Friday, October 30, 2009

So-Called Political Correctness

“‘[P]olitical correctness’ isn’t a real thing. Rather, the term is a sort of catch-all charge that’s used against people who ask for more sensitivity to a particular cause than we're willing to give — a way to dismiss issues as frivolous in order to justify ignoring them. It’s a way to say that their concerns don't deserve to be voiced, much less addressed.”   —Amanda Taub,

I wanted to post something before the month was through, so I thought that I would reprint another letter of mine that was published in the Los Angeles City Beat, this one on June 2, 2007:

Thanks to Thomas M. Sipos for his informative letter on so-called “political correctness” [Re: Letters, May 26]. However, I don’t think that the letter dealt fully with the use of the phrase by the political right.

The right’s negative use of the term “political correctness” may have begun as an objection to ill-advised campus speech codes, as Mr. Sipos says, but it didn’t stay there. The term eventually came to be used against many kinds of liberal thought on the presumption that voicing conservative opposition to those thoughts was a daring thing to do. Before long, conservatives were using the phrase … well … liberally to characterize virtually all left-of-center opinions — however well-reasoned and well-argued — as inherently unthinking and doctrinaire.
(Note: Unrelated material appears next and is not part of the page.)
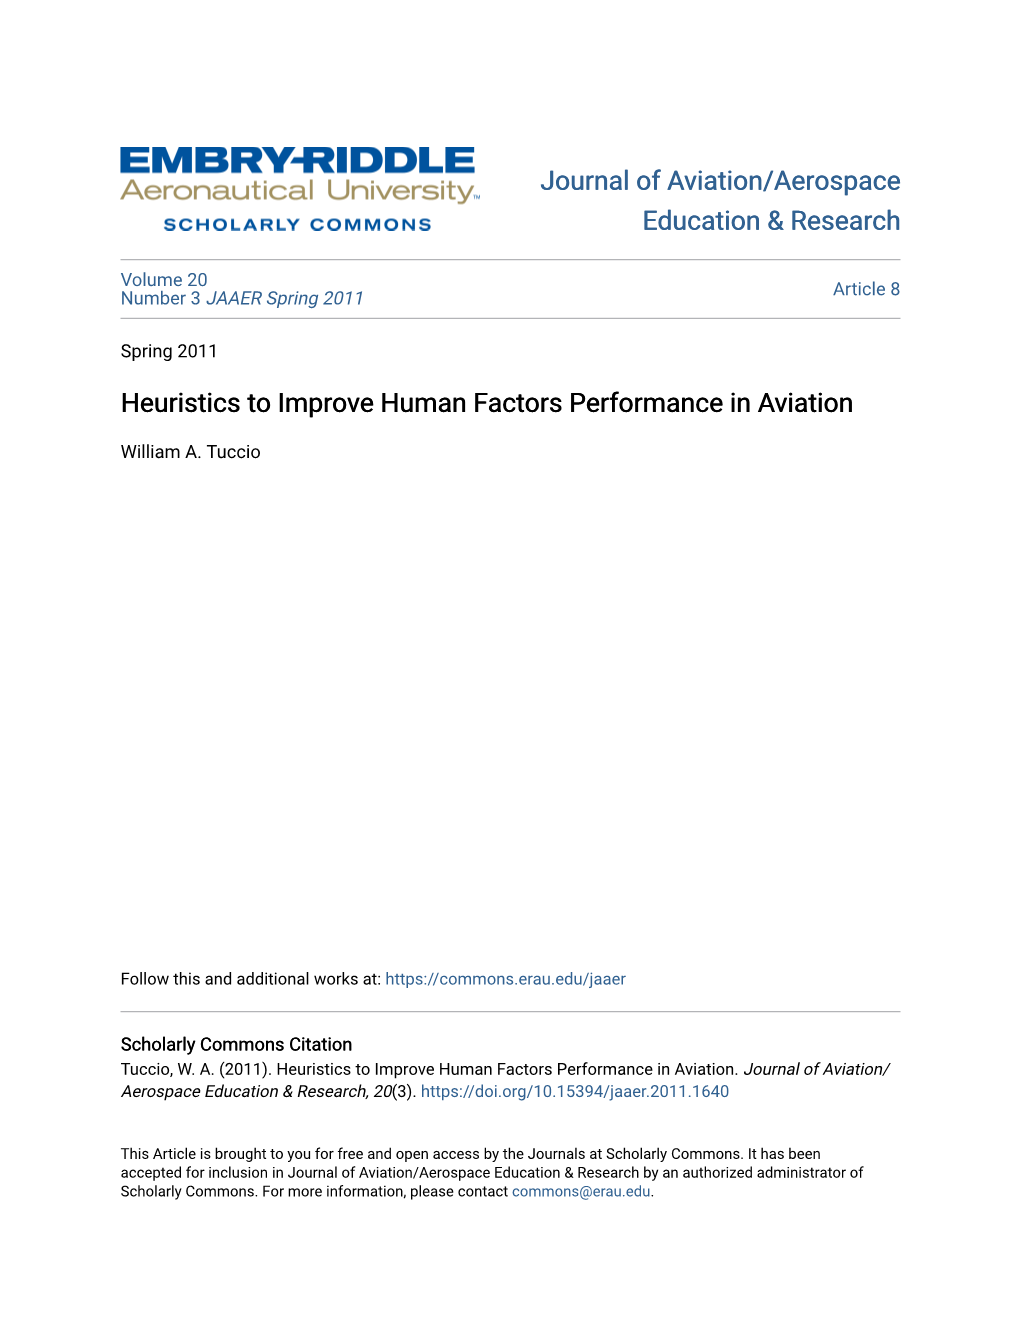 Heuristics to Improve Human Factors Performance in Aviation

Today, “political correctness” in the right’s imagination has taken on the dimensions of a pervasive, oppressive ideology that dwarfs conservatism. As a result, even though conservatives control both the White House and Congress (and the Supreme Court as well), and even though conservative organizations are much better financed than liberal ones, the right can still play the underdog courageously standing up to a monstrous behemoth. In other words, the idea of “political correctness” allows Goliath to masquerade as David.

The phrase “political correctness” wouldn’t be as problematic if it were popularly applied to conservative dogma in the way that it’s applied to more liberal ideas. But when George W. Bush refuses to consider further government funding of promising stem-cell research for ideological reasons, or when a conservative commentator instantly dismisses a substantive opposing argument as “liberal whining,” such right-wing inflexibility isn’t usually characterized as “political correctness.”

Update, August 7, 2015: I have added the quote from’s Amanda Taub at the top of the post.